By Cyrus Koochek and David Swedelson, Community Association Attorneys, SwedelsonGottlieb
It is a fact of community association governance that at some point, every community association board of directors will likely have the need to levy a fine on a member. Most associations have adopted a schedule of monetary penalties or fine policy setting forth the fines that the board will impose in the event there is a violation of the governing documents. Whether an association plans to amend or adopt a new or revised fine policy, or do nothing at all with its current fine policy, all associations must now comply with changes in the new Davis-Stirling Act (effective January 1, 2014) relating to fines.
Former California Civil Code Section 1363(f) provided that if an association adopts or has adopted a policy imposing any monetary penalty, the Board must distribute the policy to all members via first class mail or personal delivery when the schedule is first adopted or when revised. The former code section was ambiguous and some believed that it did not require that the board disclose/distribute the fine policy on a yearly basis. The code just required that the board distribute any fine policy it did adopt/revise at that time. Thus, for example, if an association did not revise its fine policy for 10 years, some interpreted the former code section to say that there was no obligation to distribute it to the members regularly. This led to some confusion and disagreements.
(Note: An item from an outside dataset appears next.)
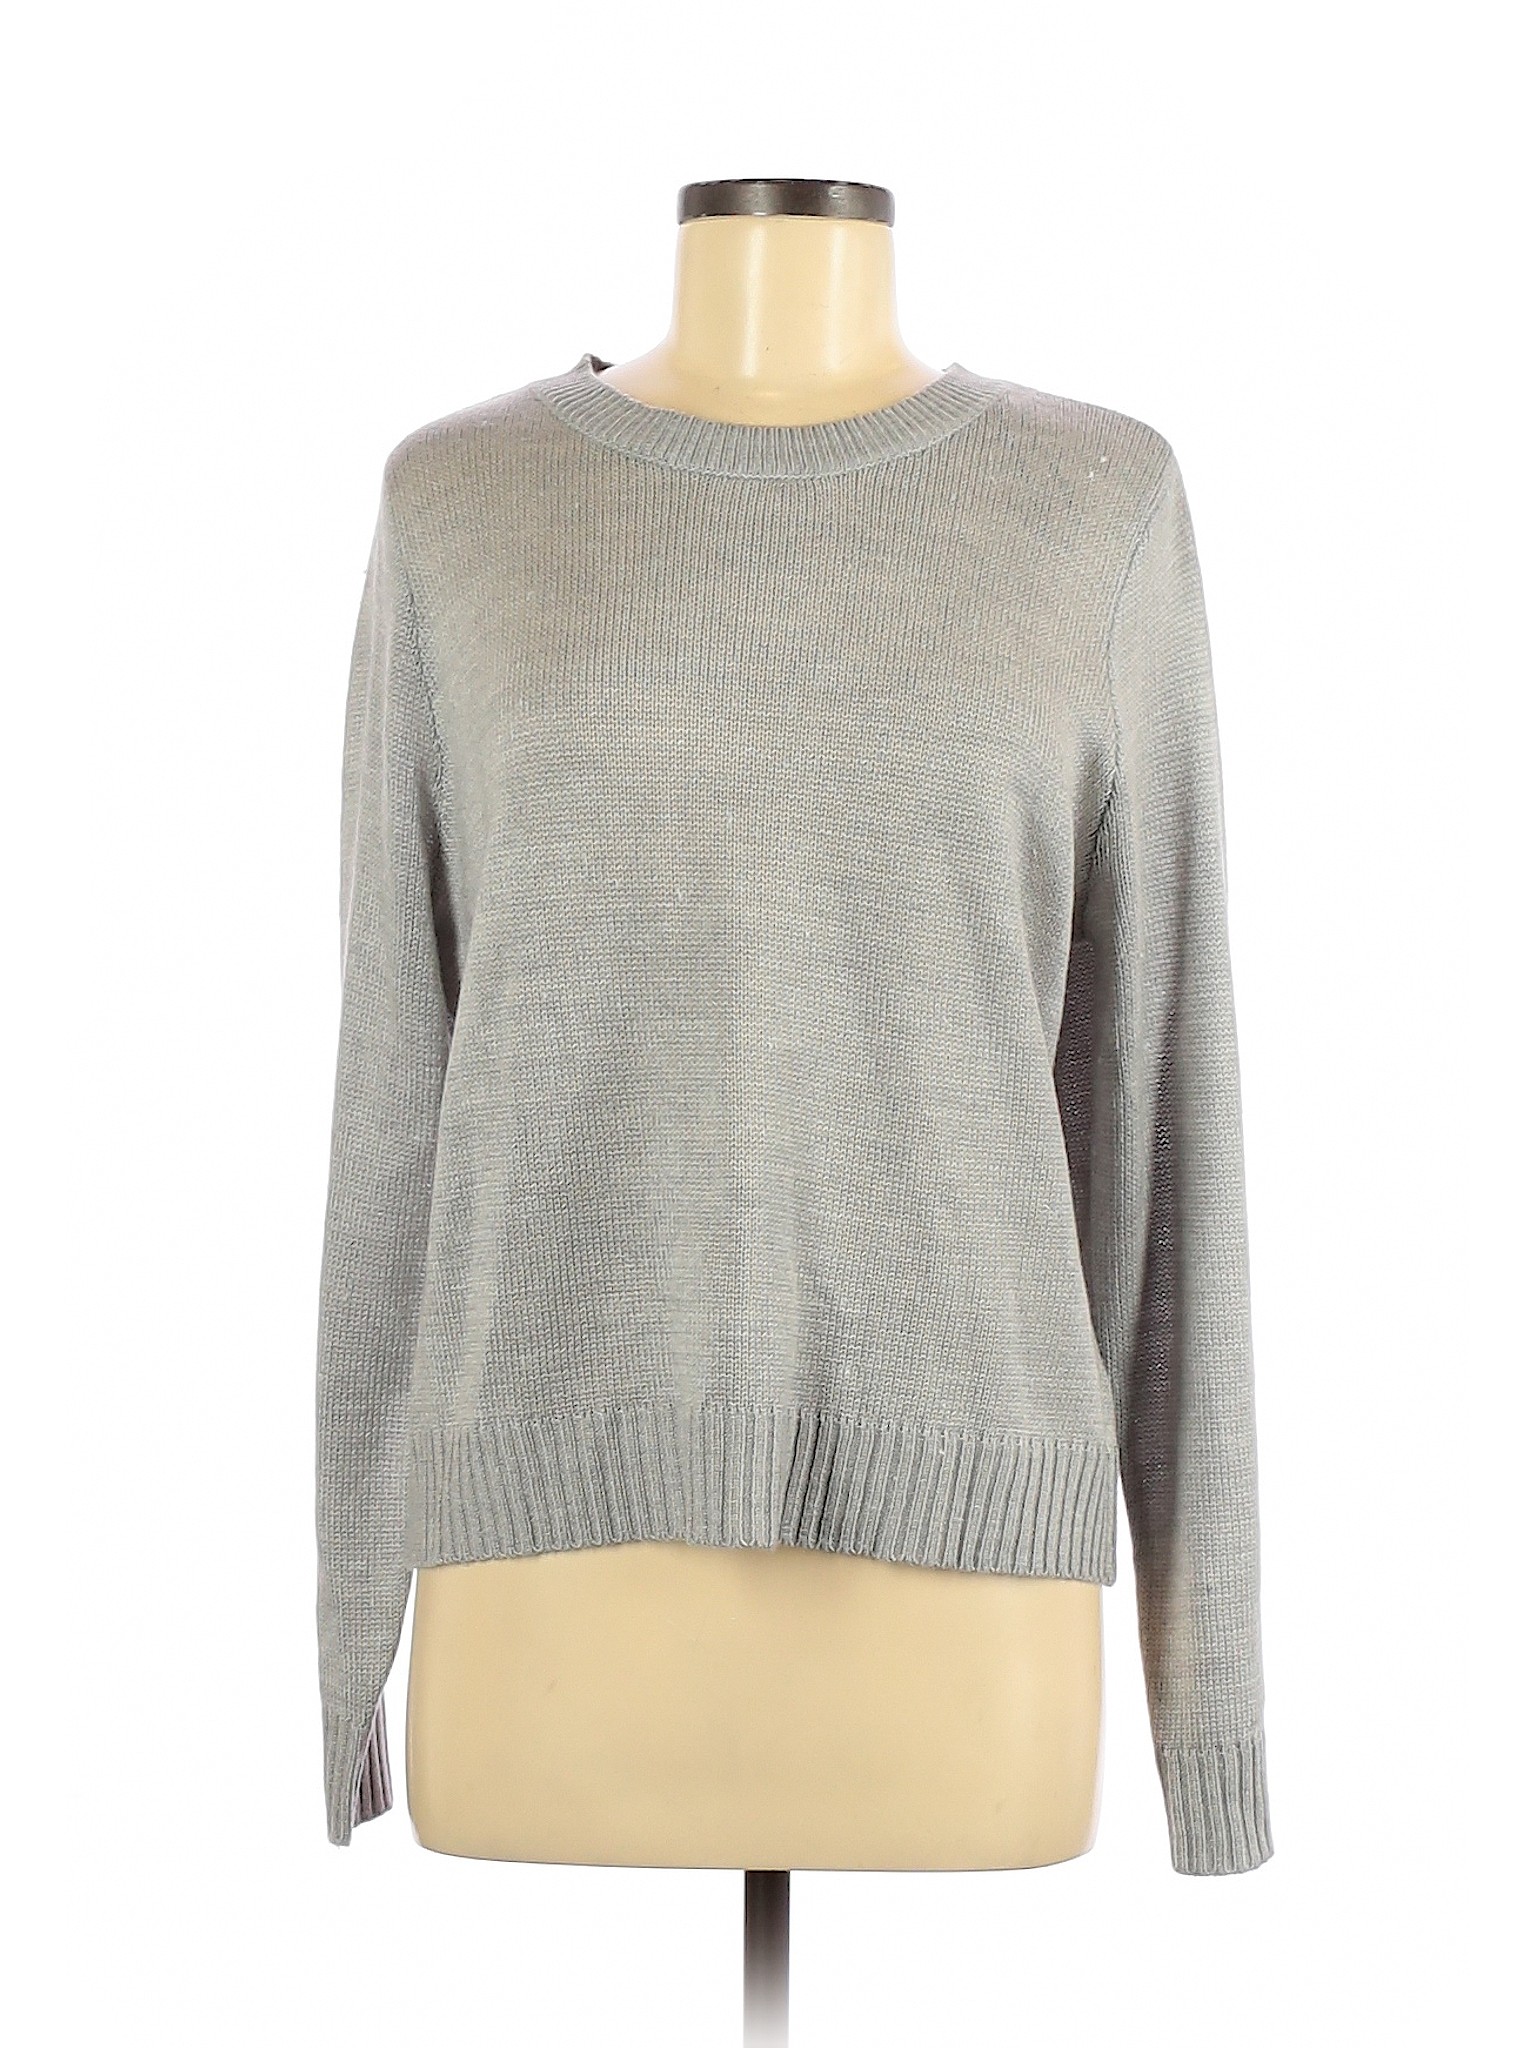 Divided by H&M Women Gray Pullover Sweater M | eBay

That has all changed. Effective January 1, 2014, new California Civil Code Section 5850 now requires that if an association has a fine policy, the association must distribute the fine policy in the association’s annual policy statement, meaning at least on a yearly basis regardless of whether an association makes changes in their fine policies or not. Interestingly, new Civil Code Section 5850 seems not to recognize that a change in a fine policy constitutes an operating rule change that would be distributed via general delivery (unless individual delivery is requested by a member); Section 5850 states that any revisions to the policy made after the disclosure of the policy in the annual policy statement may (not must) be included in a supplement sent individually to all association members. We find this a bit strange, maybe an oversight.
Notwithstanding the foregoing, we believe that California community associations must distribute, by general notice, fine policies upon adoption or revision, because any change or adoption of a fine policy is deemed an operating rule change pursuant to new Civil Code Section 4355. In light of the change in the law, it is crucial that associations are aware of and comply with the annual policy statement requirement regarding fine policies; otherwise, the association could be the one ending up with a fine.
There are some nuances that may impact an association’s ability to levy an appropriate fine. So, if your association does not now have a fine policy or an enforcement policy (and we recommend both), we suggest that you confer with an experienced community association attorney.